## WHAT YOU SHOULD DO
Only the lines from the one that contains "antik holz detail" to the last line below, both included, should be transcribed. Pictures stay out of the copy.
== INFORMATION PROVIDED ==
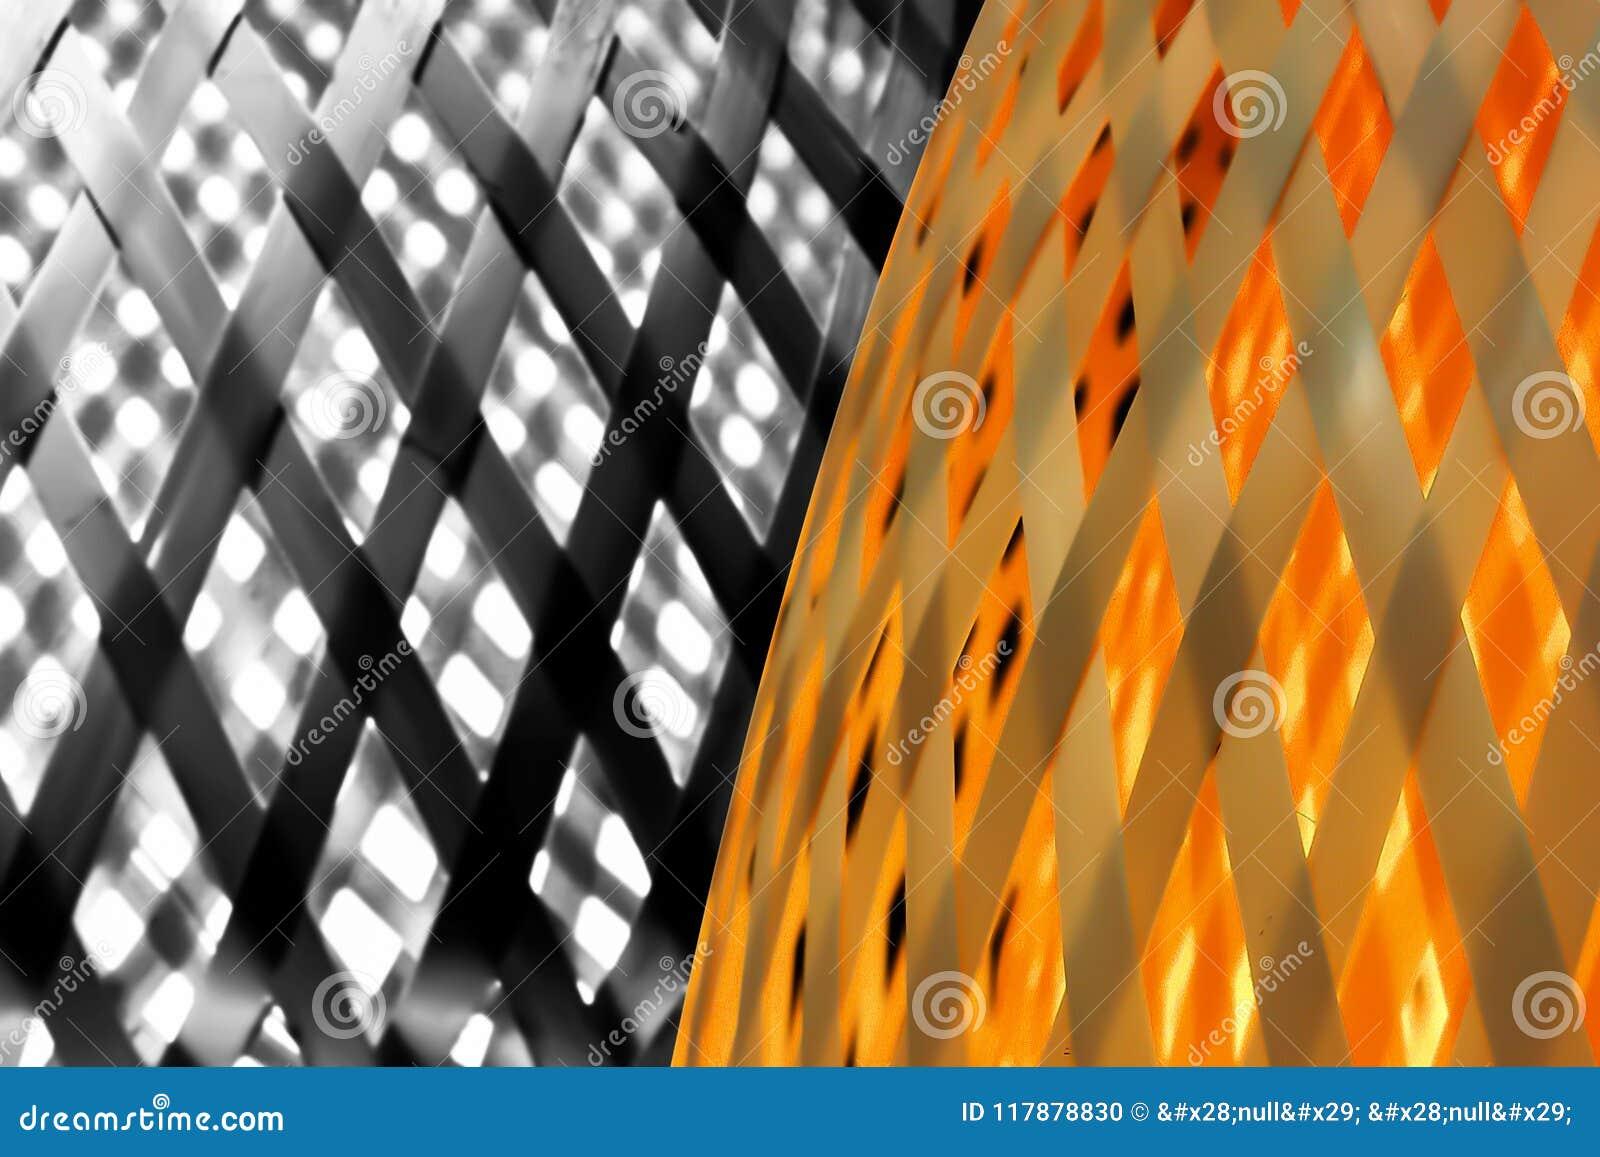 Closeup On Beautiful Art And Craft Of Wood Lattice Stock Photo
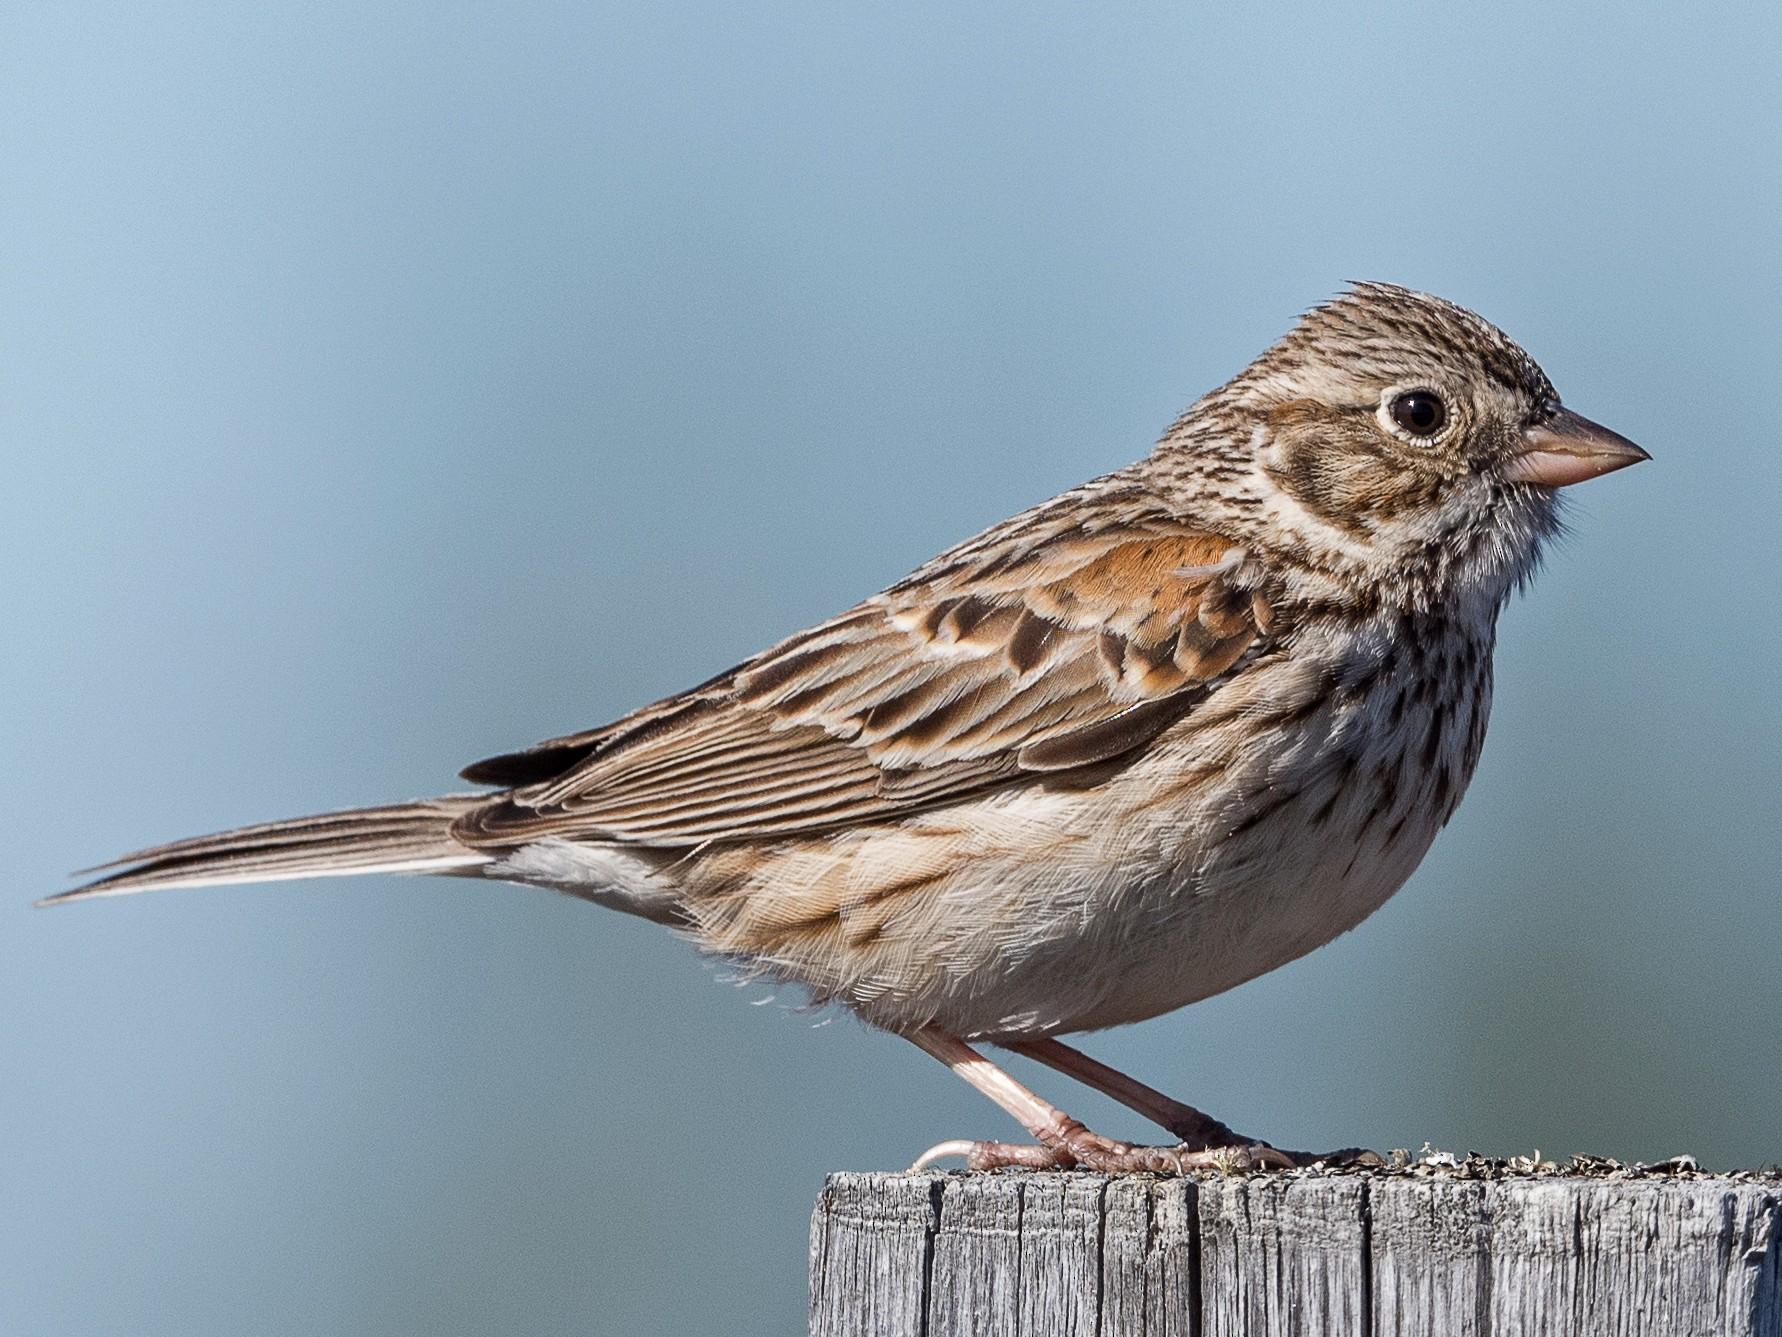 Vesper Sparrow - Simon Boivin
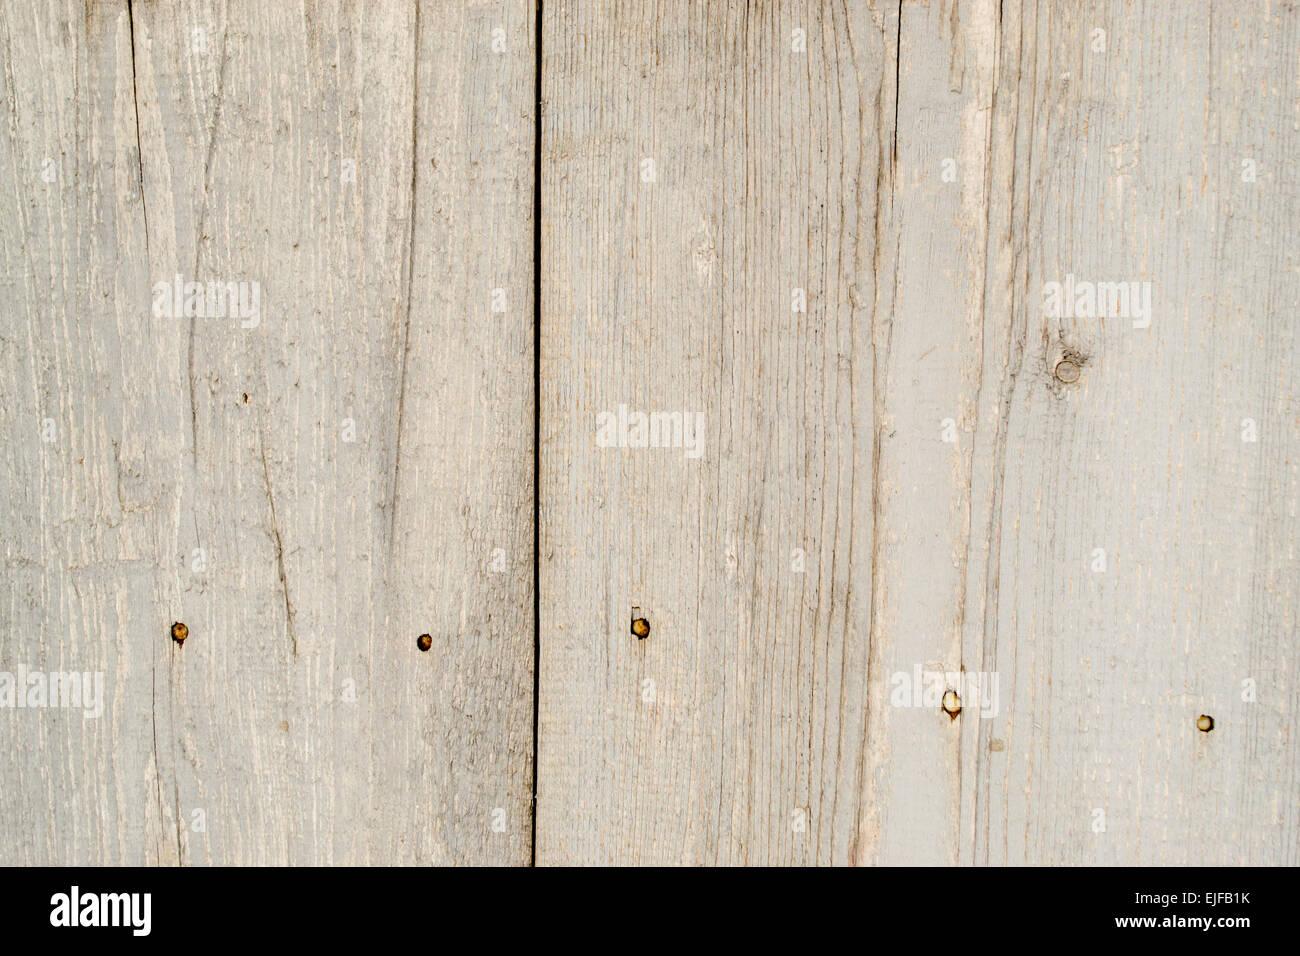 antik holz detail mit keine farbe wie treibholz altern with antik holz
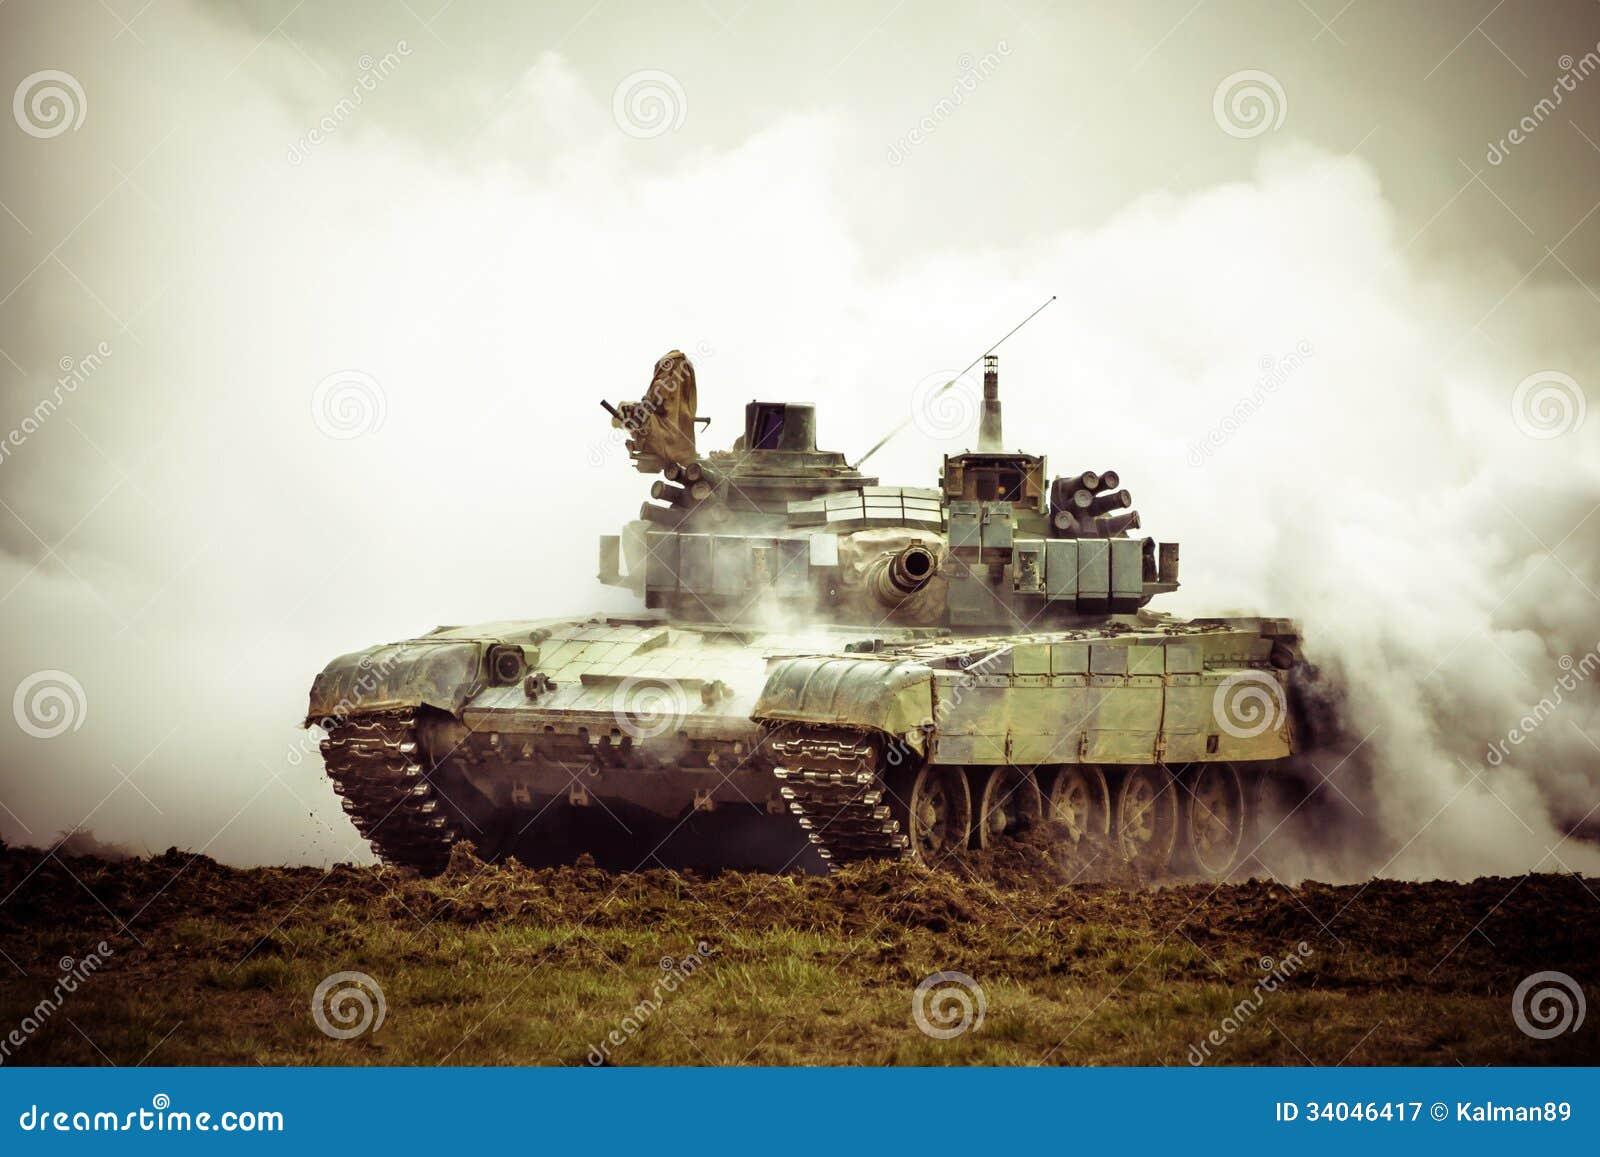 Military tank on war
===
## RESPONSE AREA
 antik holz detail mit keine farbe wie treibholz altern with antik holz
 Military tank on war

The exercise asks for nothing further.